■ THE TASK
Locate the line containing "Empty tool cupboard" in the material below. Copy that line and all following lines through the end exactly, omitting any pictures.

■ INFORMATION PROVIDED
_____

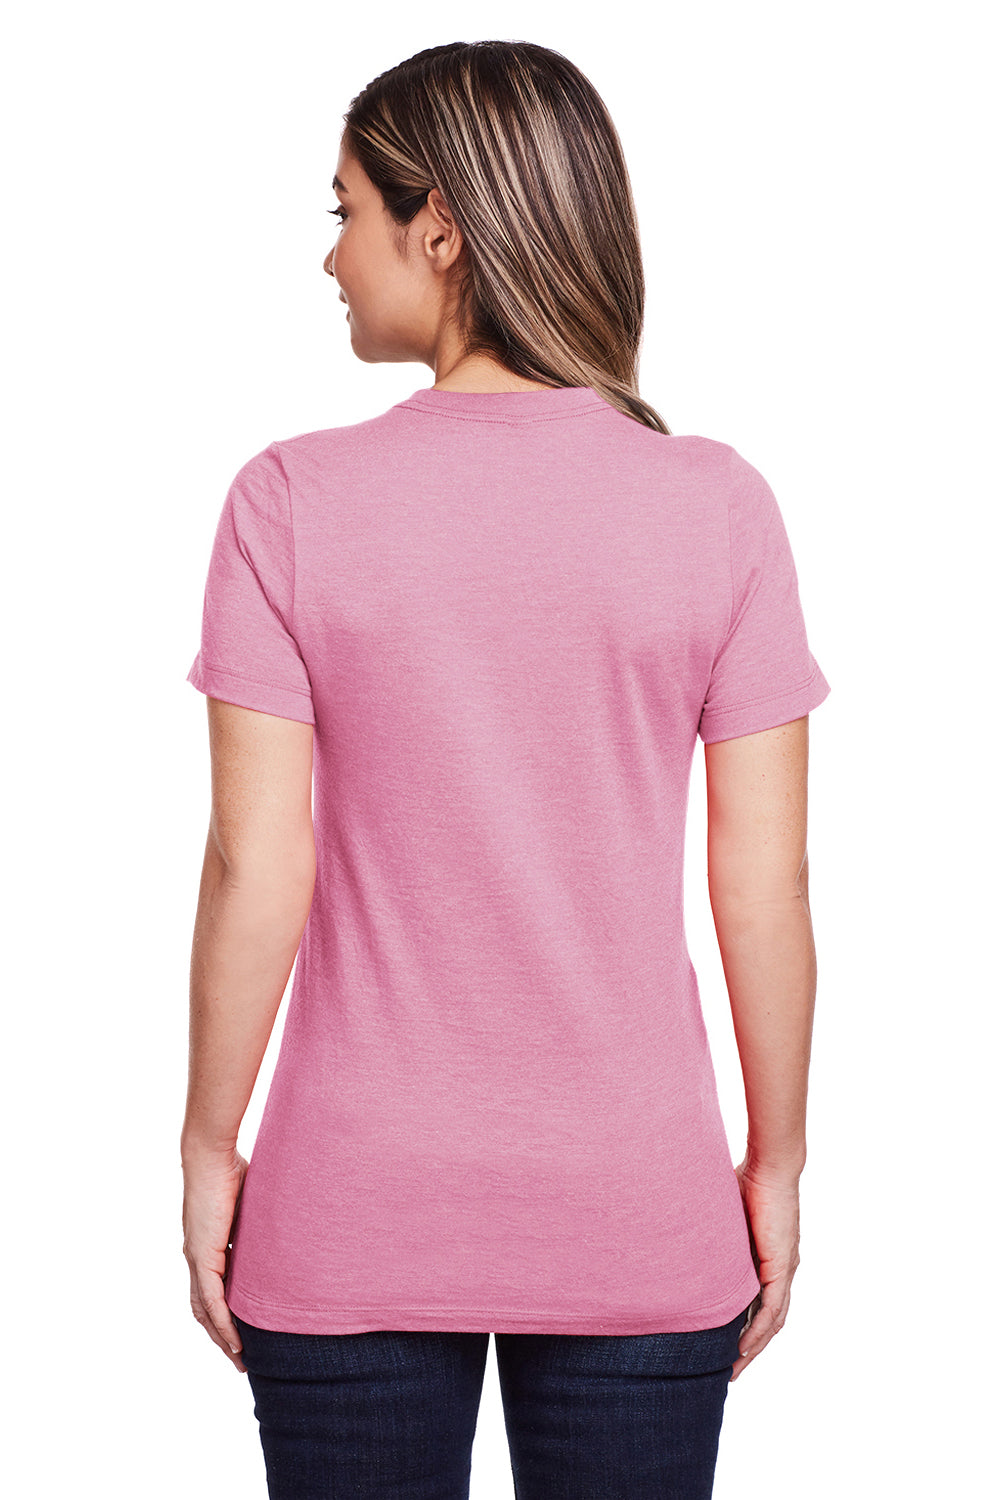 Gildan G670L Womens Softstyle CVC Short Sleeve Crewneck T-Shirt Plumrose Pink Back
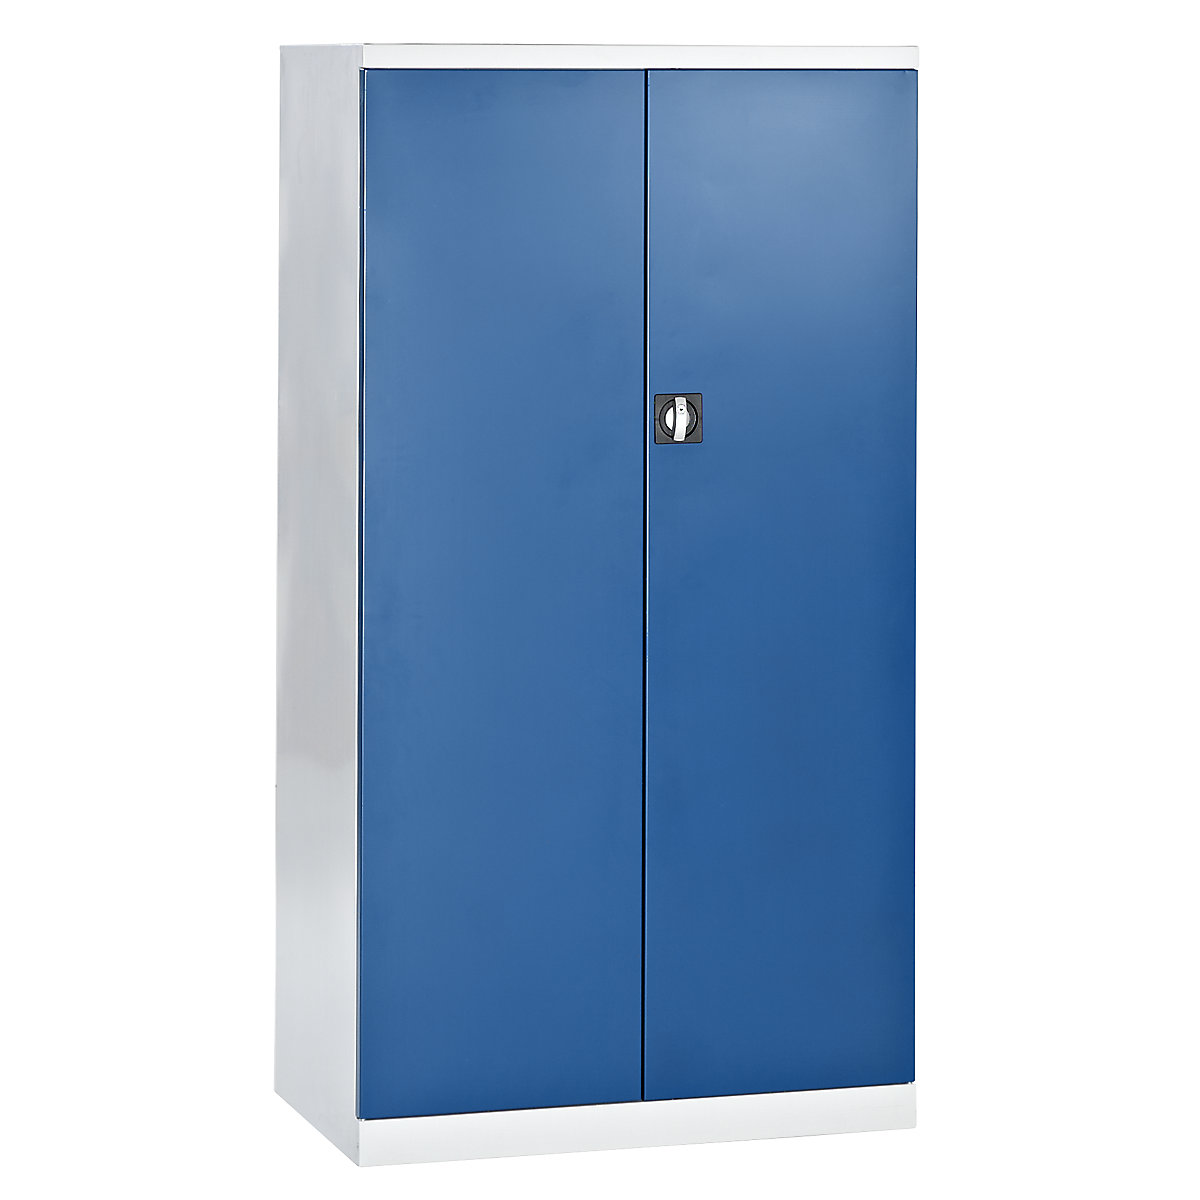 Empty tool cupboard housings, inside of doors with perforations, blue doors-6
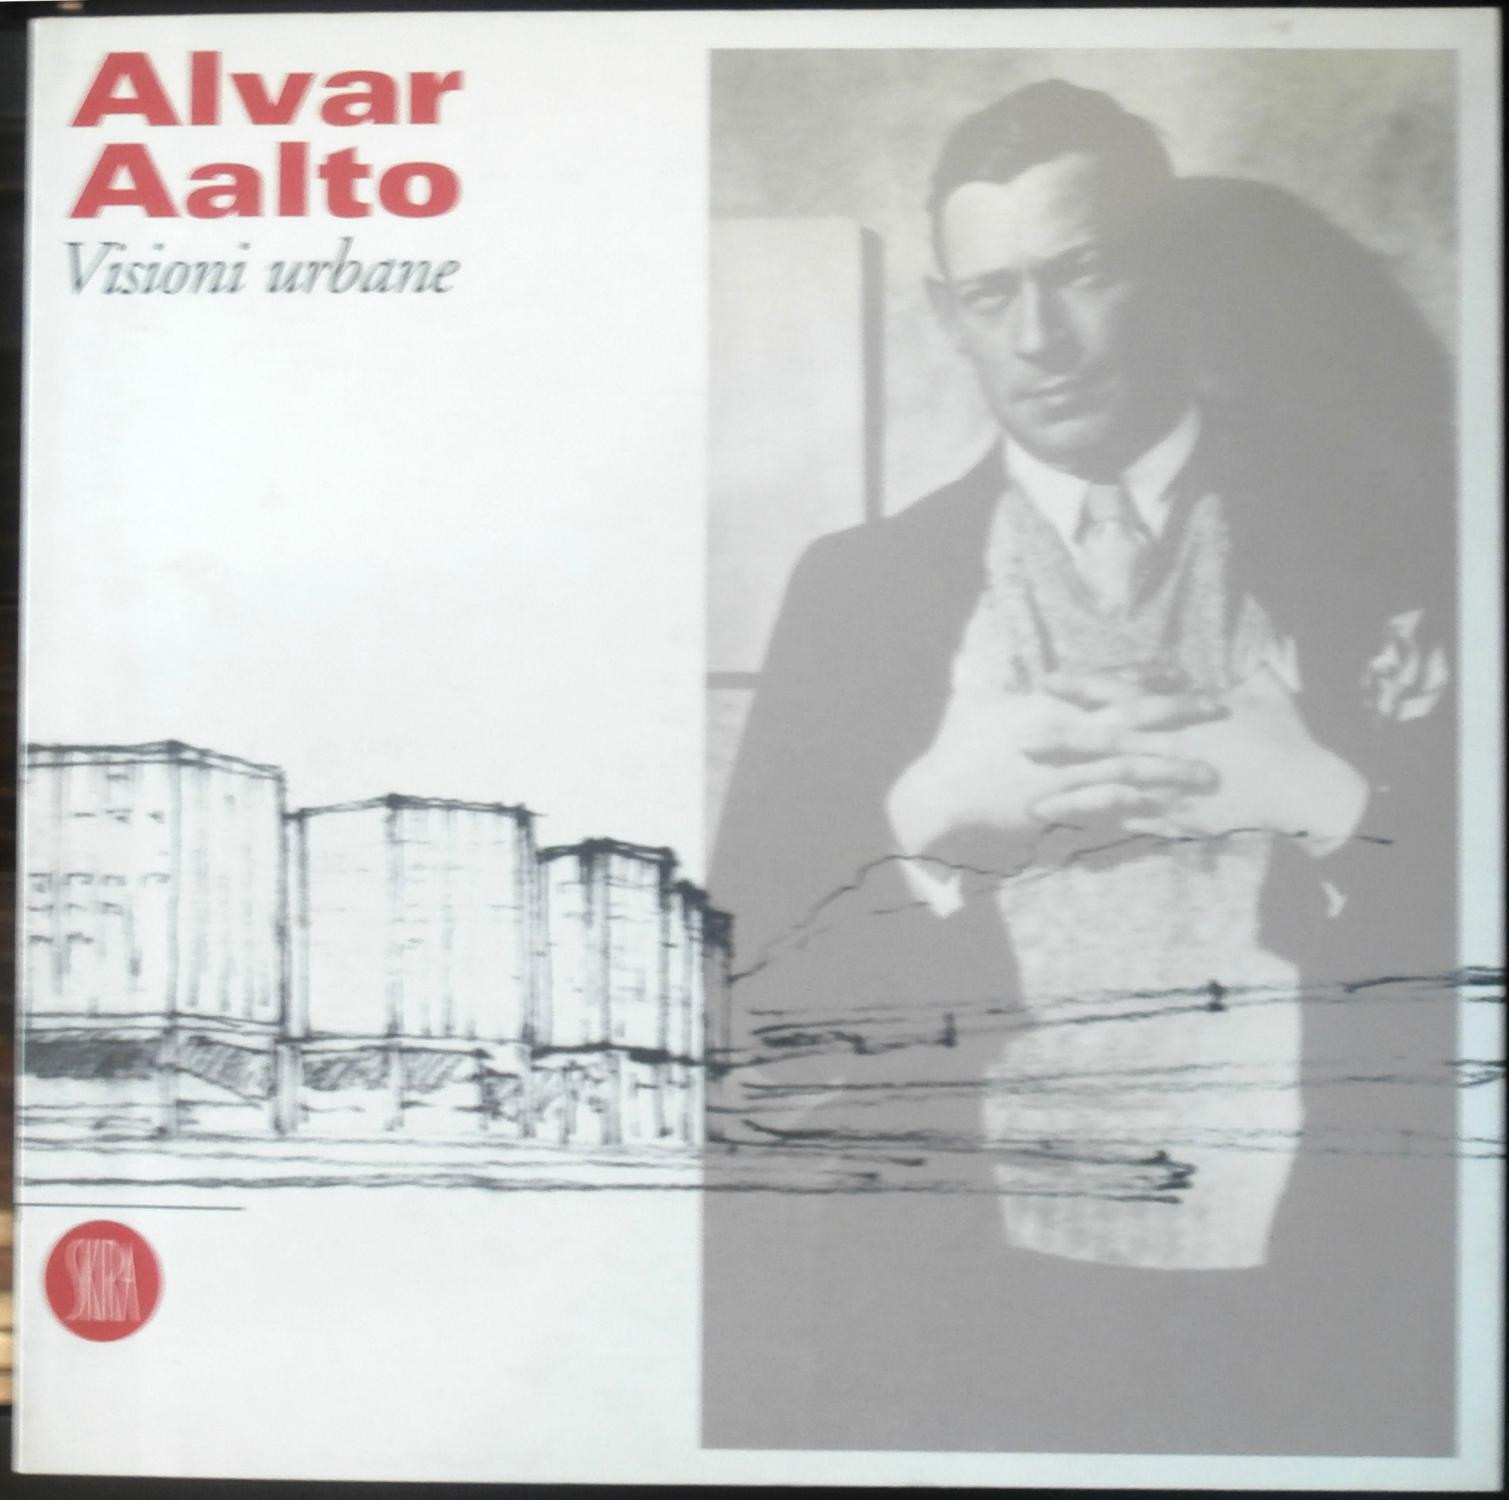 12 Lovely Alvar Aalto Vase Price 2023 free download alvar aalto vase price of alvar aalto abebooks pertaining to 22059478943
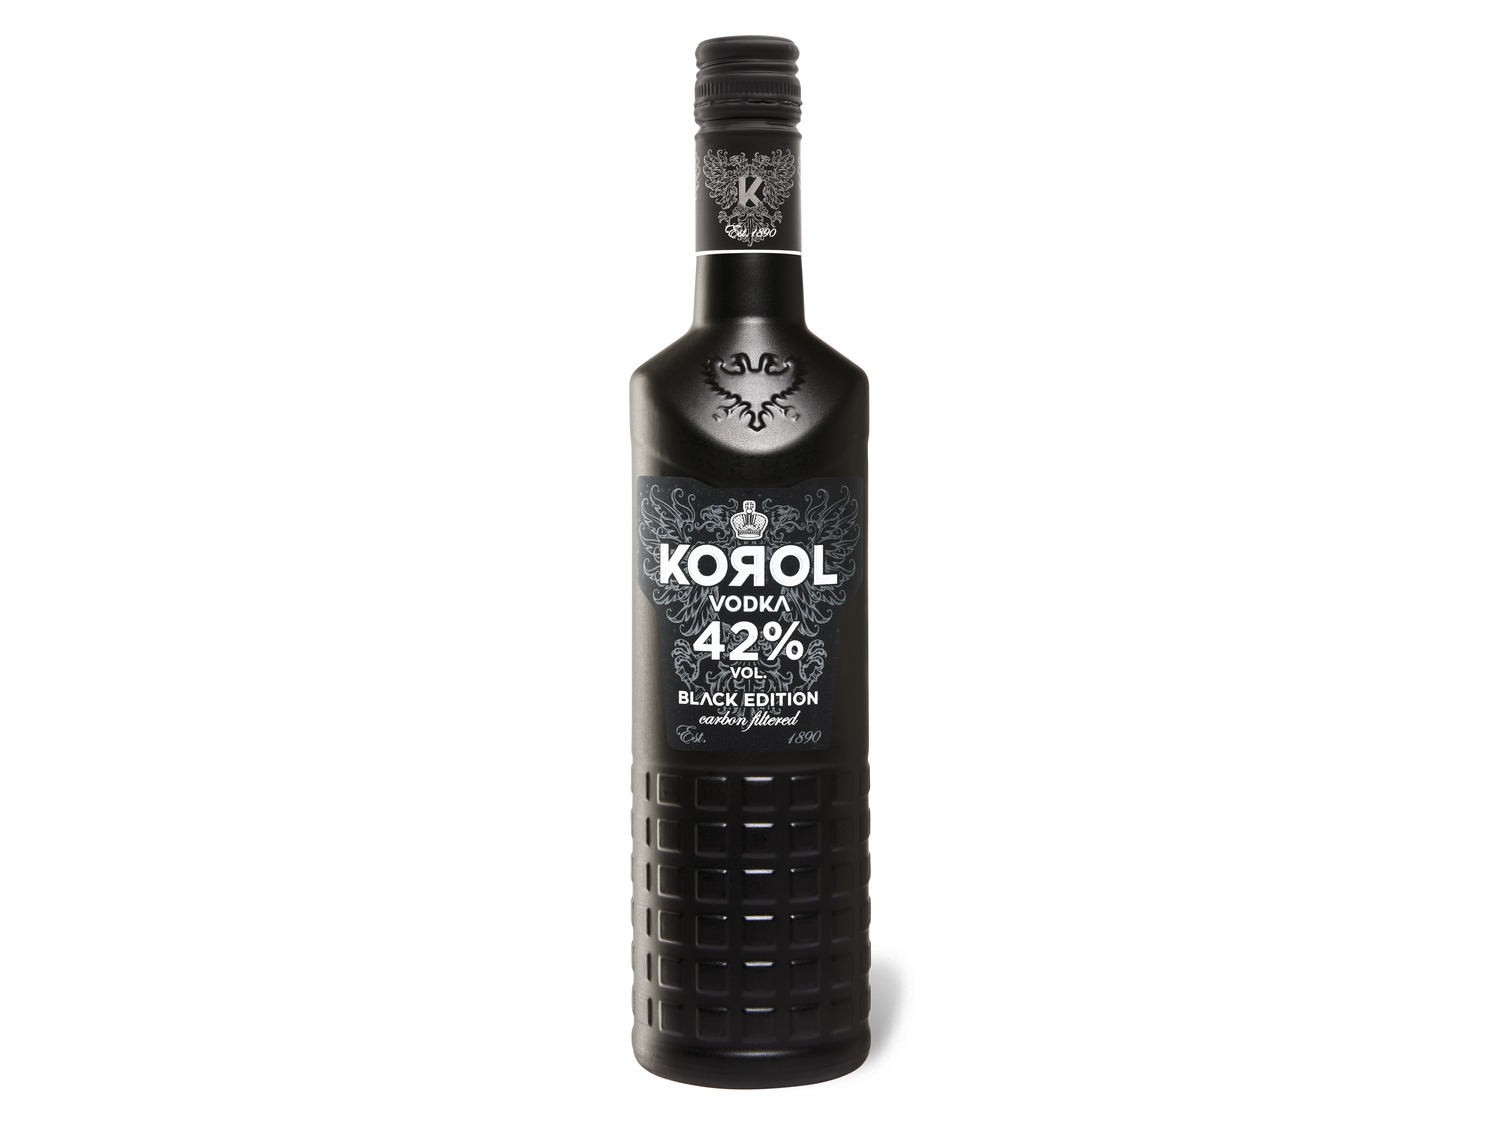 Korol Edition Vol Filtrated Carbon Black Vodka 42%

_____

■ ANSWER TO THE PROBLEM
 Empty tool cupboard housings, inside of doors with perforations, blue doors-6
 12 Lovely Alvar Aalto Vase Price 2023 free download alvar aalto vase price of alvar aalto abebooks pertaining to 22059478943
 Korol Edition Vol Filtrated Carbon Black Vodka 42%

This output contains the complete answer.